STEP 3 I got rid of the unwanted background in ReTouch. Didn’t work too secure as I know I wanted to work with textures later on.
STEP 4 In GrungeTastic I applied some of the texture I liked, in a soft colour. GrungeTastic offers a great variety so everybody can get what he/she likes. In this case I went for the Classic folder and picked Grunge 5 in style. Next I went to “adjust” and played a bit with the sliders and changed the blue into black. The borders are a bit too much for me, so I skipped those.
STEP 5 I didn’t like the texture to be covering his face, so I opened the picture I got after step 3 in Noir and made it black and white. I also opened the one with the Grungetastic texture and made it black and white as well.
STEP 6 I opened both pictures I got after step 5 in Filterstorm in filters, double exposure.

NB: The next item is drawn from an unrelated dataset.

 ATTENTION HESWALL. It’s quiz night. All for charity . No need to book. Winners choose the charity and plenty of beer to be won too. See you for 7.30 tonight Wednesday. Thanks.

I set the Brush to an average size, Softness nearly full to soft and the opacity halfway. I blended in most of the texture but made sure to keep his face untouched.

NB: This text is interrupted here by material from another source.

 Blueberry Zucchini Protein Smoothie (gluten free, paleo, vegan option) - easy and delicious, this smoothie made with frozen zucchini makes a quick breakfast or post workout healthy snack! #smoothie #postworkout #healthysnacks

STEP 7 In KingCamera I added some extra texture and played with the sliders a bit so it wouldn’t be too obvious.
STEP 8 Superimpose is fantastic for merging two pictures together. it has the possibility to make a picture bigger or smaller, flip and rotate it and of course the many filters with sliders to change the look of the layering. I opened the result I got after step 7 and picked one of my own textures (I usually try a few different ones to see which one works best and will give me the result I want) I liked the result, but it lacked contrast so I needed to run it through one more app.
STEP 9 PhotoFX is one of my preferred apps. It offers a lot of filters and possibilities. Mr. Henry got first of all – in image – autocorrected to lose the brownish tone that it got from adding the texture. The final step was playing with the sliders in “colour correct” to give it more contrast and colour.
STEP 10 The title of the picture is after Tom Wait’s song: Mr. Henry
EC: What other thoughts would you like to share?
CB: Edi, a big huge thank you for this opportunity! Truly honoured and I appreciate it very much!